1. Model Evaluation:
We tested three classification algorithms (Decision Tree, Logistic Regression, and Random Forest) and compared their performance using both unbalanced data and class balancing techniques (Class Weighting). <br>
- Decision Tree: Struggled to meet the threshold, with F1 scores hovering around 0.56-0.57 regardless of balancing.
- Logistic Regression: Performed poorly due to the non-linear nature of the data, achieving a maximum F1 score of only ~0.49 even with balancing.
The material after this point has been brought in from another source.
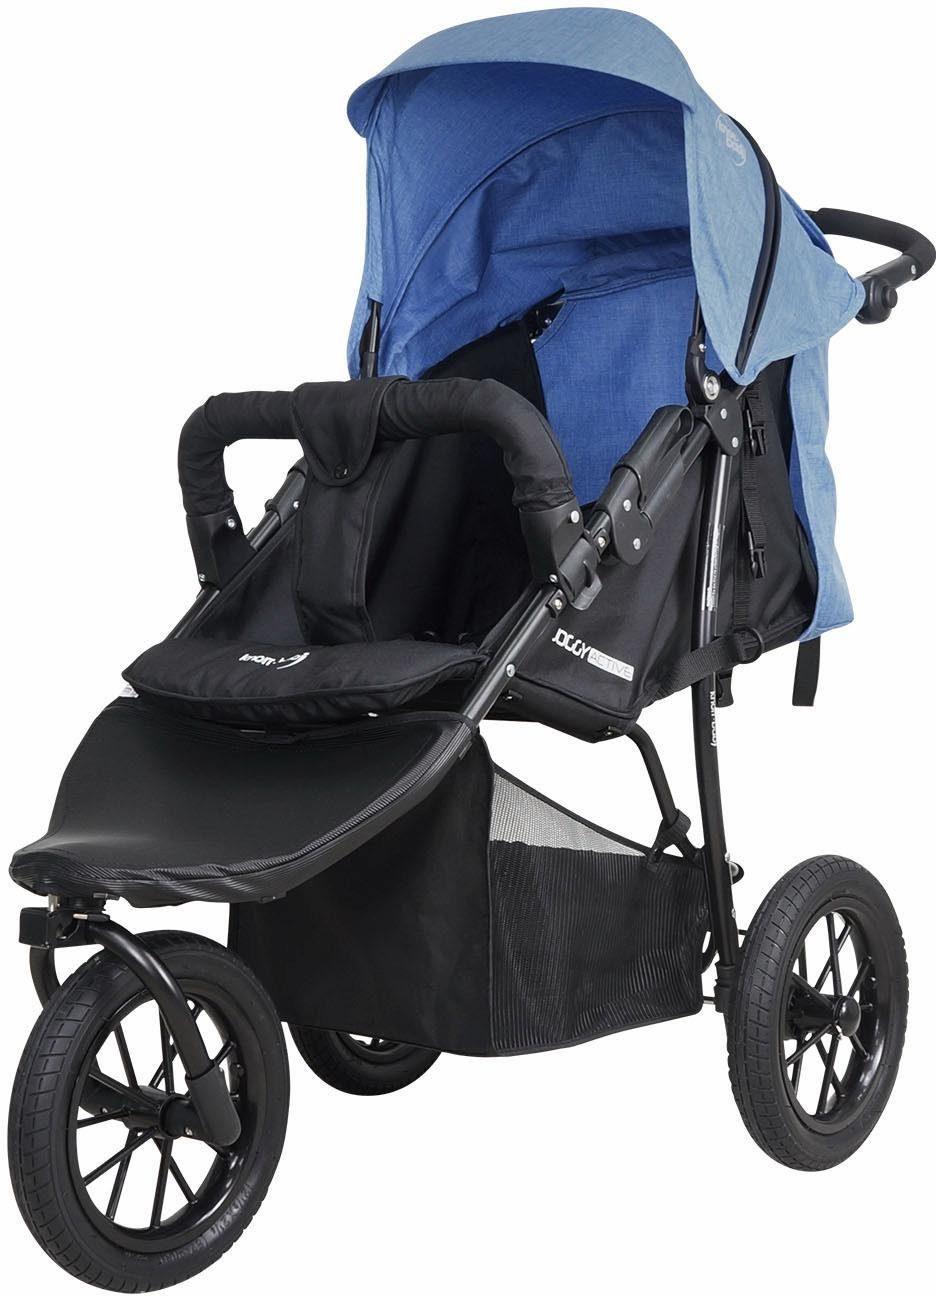 knorr-baby Jogger-Kinderwagen, »Joggy Novo Active, schwarz-jeans«

- Random Forest: Demonstrated the best performance. While the unbalanced model fell short (F1 ~0.56), applying Class Weighting significantly boosted its predictive power.

2. Final Model Selection:
- The Random Forest Classifier with class_weight='balanced' is the final selected model.
- Final F1 Score: 0.6363 (Successfully exceeds the 0.59 target).
- AUC-ROC Score: 0.7611 (Indicates the model has a good capability to distinguish between retaining and exiting customers).

Business Impact:
This model effectively balances Precision and Recall, making it a valuable tool for Beta Bank. It allows the bank to proactively target at-risk customers with retention strategies, thereby reducing churn and saving costs associated with acquiring new customers.